Напрашивался вывод, что либо тайник слишком хорошо спрятан, либо его здесь вообще нет. Подумав, Джеймс сразу же отверг второй вариант: где-то же Лемюэль скрывал свою самую главную ценность и свою же главную тайну…
Неизученным оставалось только стоявшее у окна древнее бюро, которое выглядело так, будто принадлежало еще самому основателю рода Лемони: темное дерево, резьба в виде листьев плюща, ножки — звериные лапы и потемневшие от времени бронзовые ручки.
Джеймс подошел к бюро и опустил крышку-стол. С первого взгляда ничего примечательного внутри не было: письменные принадлежности, аккуратно расставленные баночки с чернилами, писчая бумага и стопка конвертов.

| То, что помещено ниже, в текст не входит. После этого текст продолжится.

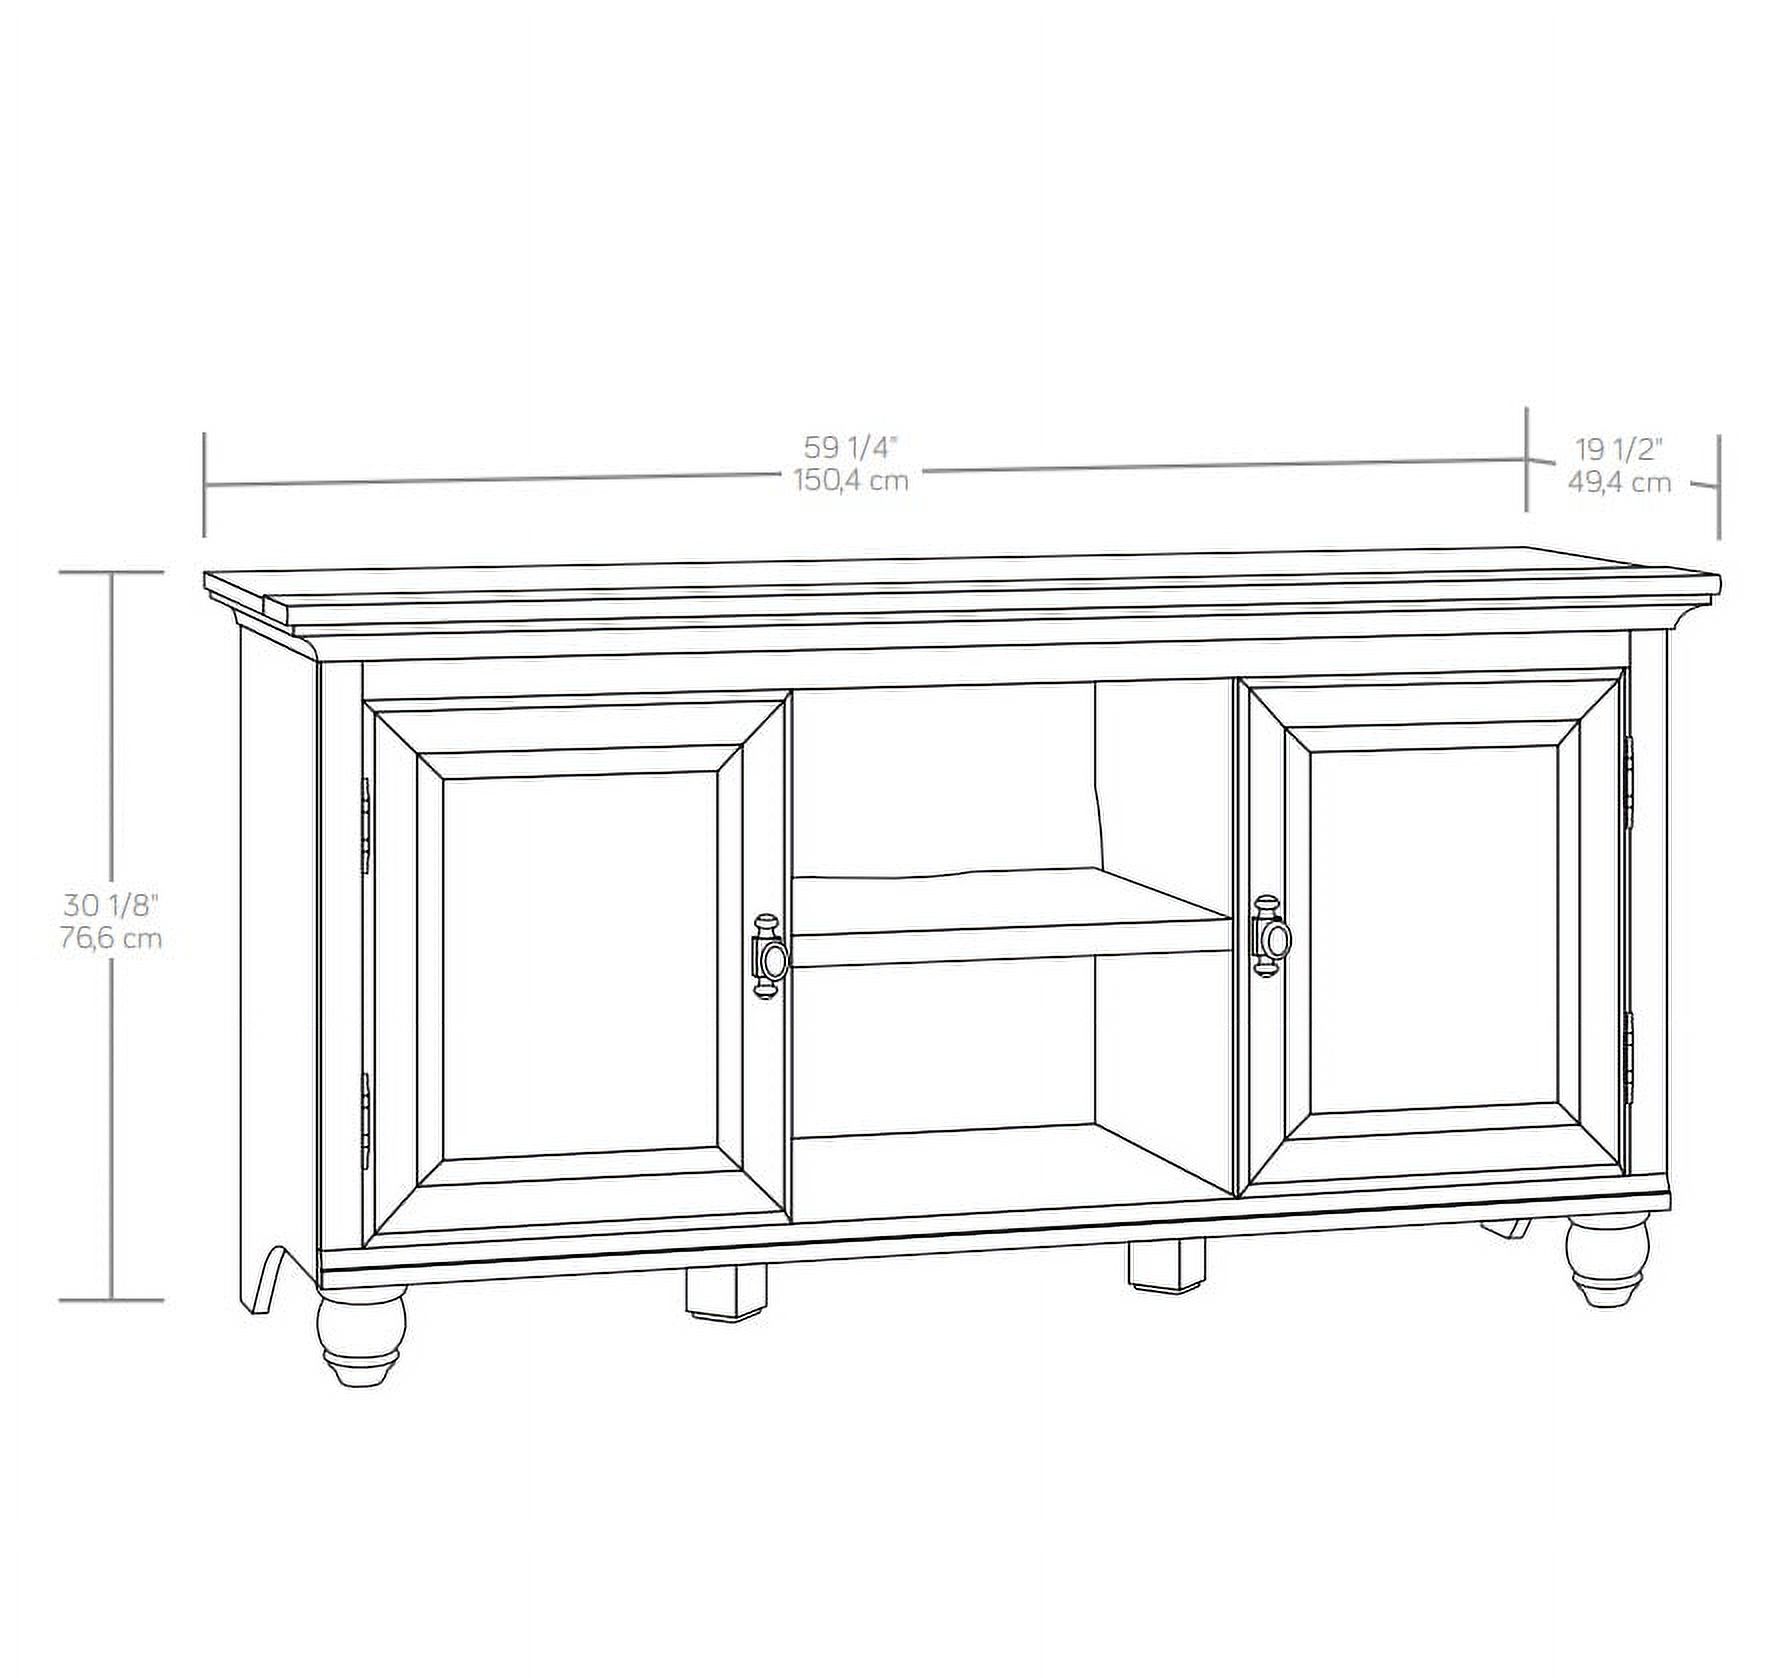 Better Homes & Gardens Crossmill TV Stand for TVs up to 65", Weathered Finish - image 5 of 9

Переписка кузена Джеймса особо не интересовала — пришел он сюда не за ней, и все же любопытство взяло верх.
Взяв конверты, Джеймс начал их перебирать — все письма были адресованы, конечно же, Лемюэлю. В графе «отправитель» стояло: «Тремпл-Толл, ул. Грейсби, 18, Роджер М. Хоггарт».
Джеймс открыл один из конвертов и развернул письмо:
«Дорогой мистер Лемони!
Учитывая описанные вами наблюдения, я вынужден сделать неутешительный вывод: болезнь прогрессирует. Расщепление не просто продолжается, но усиливается. Как по мне, вы слишком беспечно относитесь к увеличению количества «посетителей». Это явный признак ухудшения, и, в отличие от вас, я не могу позволить себе отнестись к нему снисходительно.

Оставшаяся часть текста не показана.